1.) No excavation for a hot spring (or even expanding an existing one) without a permit
2.) No development a body of water without a permit
3.) No inducement or restrain rainfall without the president's orders during a national calamity and without a permit
4.) No raising or lowering the level of a body of water without a permit
5.) No construct drainage systems without approval
6.) If waste water can be reused, it must be limited and can't be for human consumption
7.) If a drainage channel is built by several persons the cost of construction and maintenance will be apportioned among the builders in proportion to the benefits  received
8.) If the owner of land on a higher elevations uses artificial means to drain his land, he must select courses the water will pass through that will cause the least (or no) damage to the owners of the lower-lying lands (and is subject to just compensation)
9.) If the use, conveyance or storage of water causes damage to another, the person responsible shall pay compensation
10.) Water resource projects that interfere with the landowner's use of the land must also compensate the owner
11.) Persons with an easement for and aqueduct can enter the servient land to in order to clean, repair or replace the aqueduct
12.) Owners of low-lying properties can't obstruct or in any way interfere with the flow of waters from higher properties if these waters are on their natural courses (except if they provide an alternative drainage) and those living on the higher areas can't do anything that will increase the natural flow
13.) No construction shall be made along a limit from the banks of bodies of water (3 meters for urban areas, 20 meters for agricultural areas and 40 meters for forest areas and no person can remain within this limit for longer than what is needed for recreation, navigation, fishing, flotage or salvage

Control

1.) In declared flood control areas, rules and regulations can be promulgated to protect bodies of water and prevent an aggravation of flood problems
2.) The goverment can construct the necessary flood control structures and consequently has a legal easement on the body of water
3.) Riverbeds, sandbars and tidal flats can't be cultivated without government permission and this permission won't be granted if the cultivation obstructs the flow of water or worsens the flood levels
4.) Any person living alongside a body of water can construct  works to protect his property from flood and can even divert the water's flow (provided it won't cause damage to another person's property)

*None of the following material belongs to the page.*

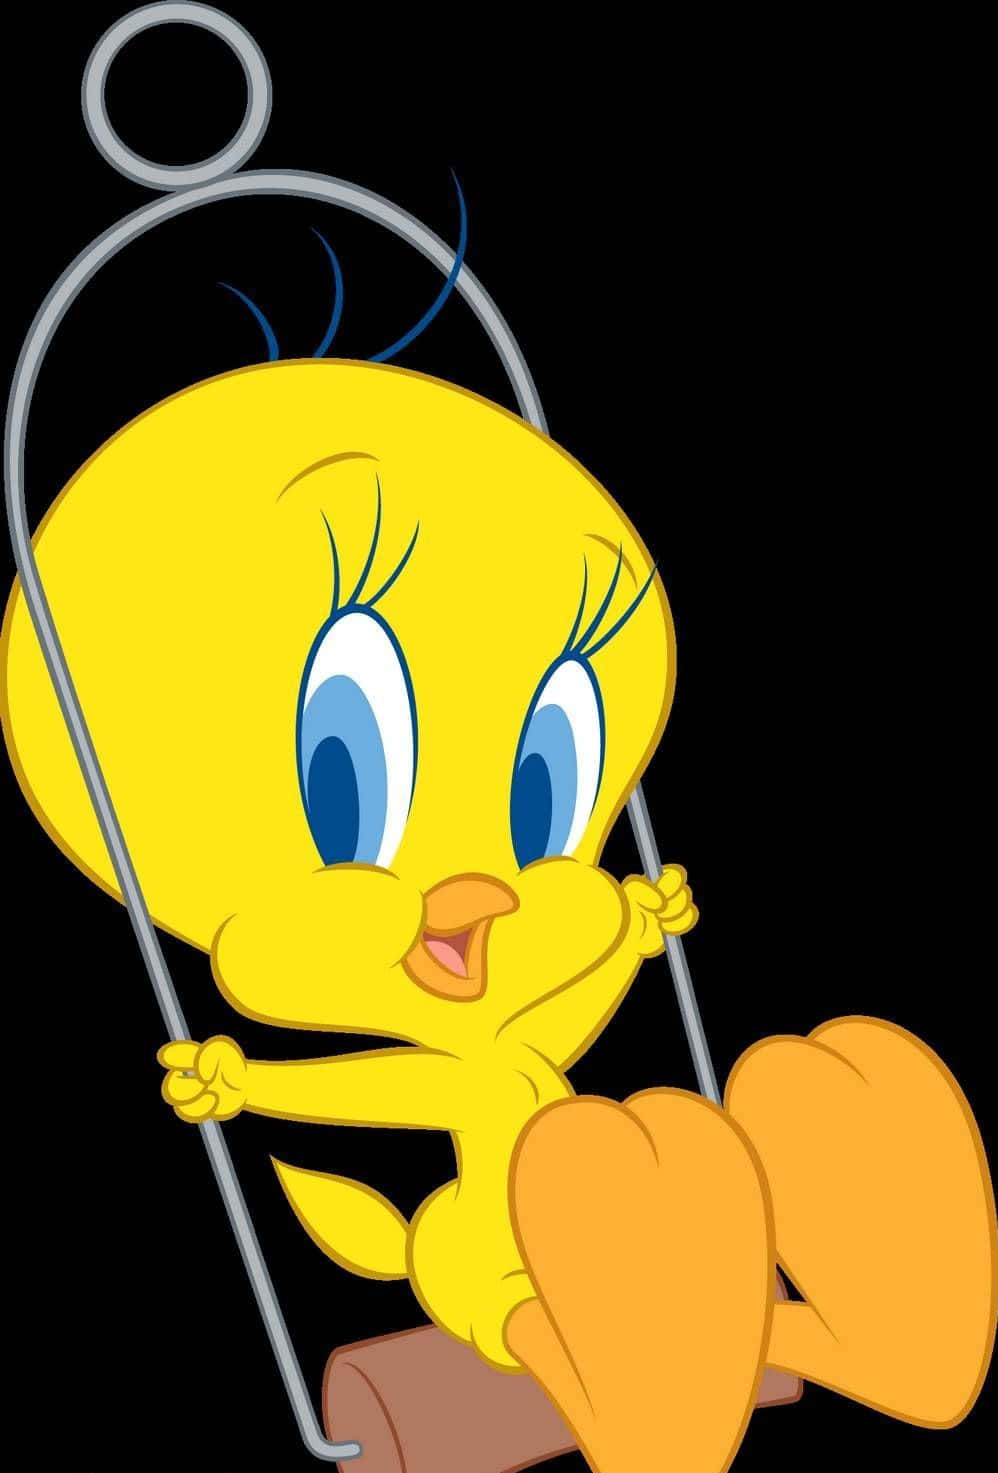 Download Tweety Bird the Mischievous Animated Star

5.) If a river or stream changes course and flows onto someone else's land, the owner can't make the government restore the flow to its original course (and also can't prevent the government from restoring its original flow and can't even be compensated) but the owner can become the owner of the abandoned riverbed/stream bed
6.) The Coast Guard can declare rivers, lakes and lagoons partly of fully navigable
7.) Floating of logs and other object on lakes and rivers can be controlled/prohibited during their designated season to give way to irrigation and domestic water supply and other uses of water
8.) Impounding of water in ponds or reservoirs can be prohibited if dangerous to public health (and said pond or reservoir can be drained for the same reason)

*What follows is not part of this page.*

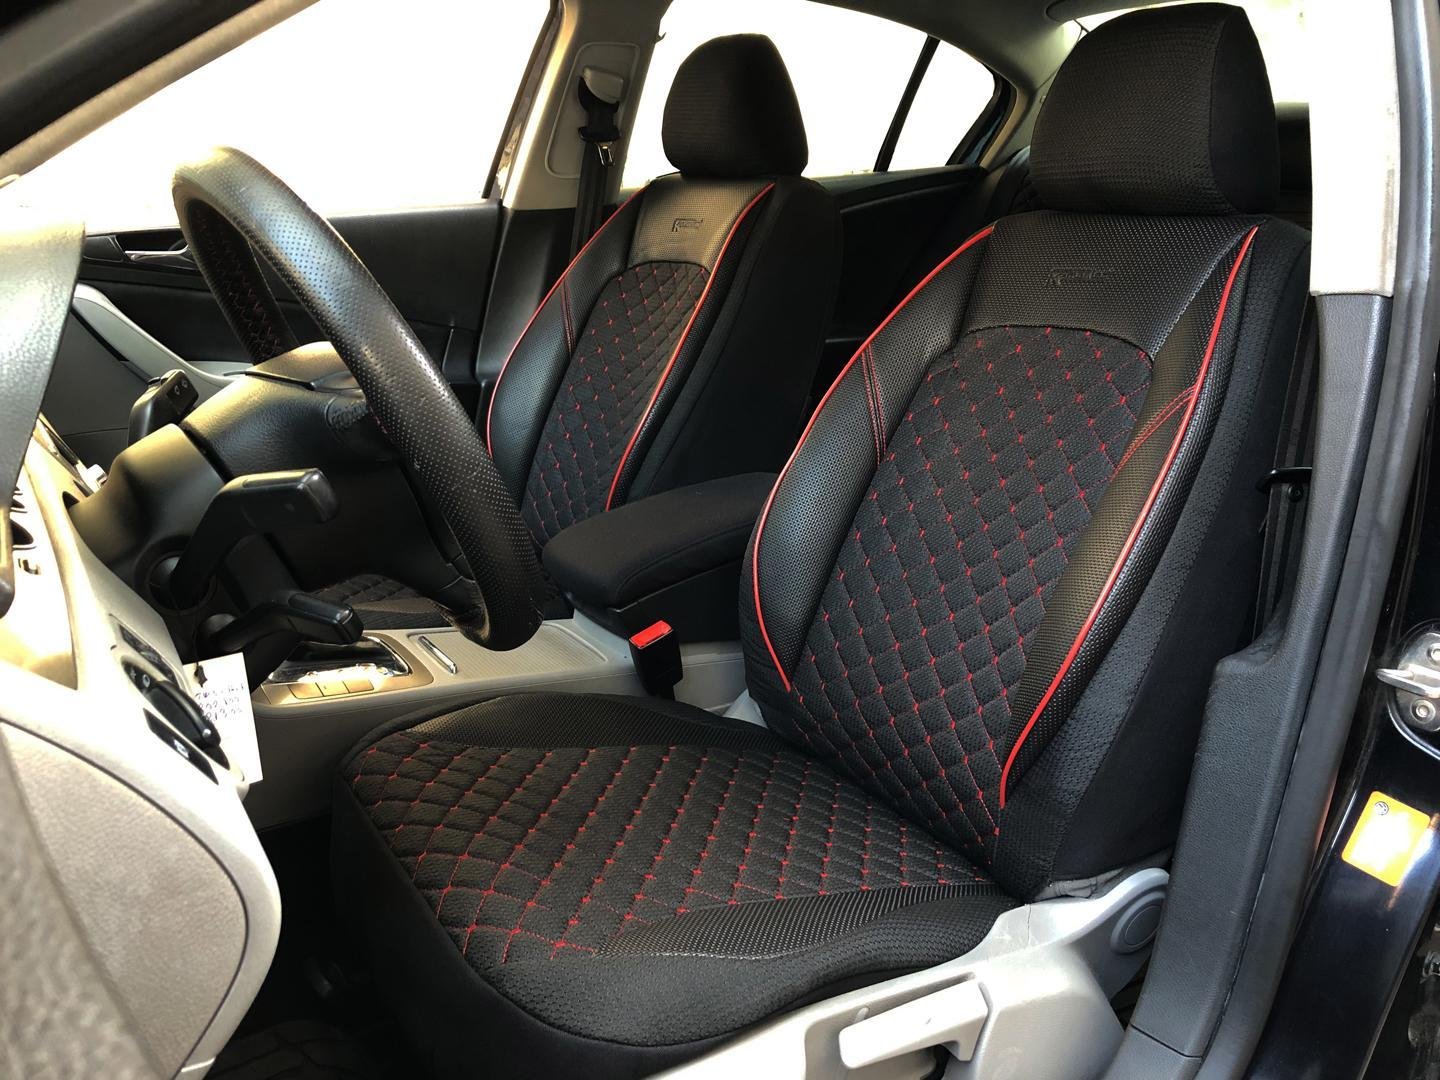 Edge Xtremeauto Red and Black Sport Car Seat Cover Protectors Fiesta Mondeo C-Max S-Max Eco-Sport Focus KA Escort Kuga

9.) A person with a permit can store water in a reservoir, provided that other people with permits won't be prejudiced
10.) A dam intended to store water may need an engineer for the proper maintenance, operation and administration of the dam
11.) The Water Resources Council can approve the boring and other operations to control subterranean waters in coordination with the Professional Regulation Commission, which will provide the qualifications for those who will undertake the boring (also requires a permit)
12.) Water from one body can't be transferred to another without the council's approval, and approval can only be made in consideration of the benefits, methods of transfer and other factors

Let us commit ourselves to the protection of our watershed so that this tragedy will never repeat itself.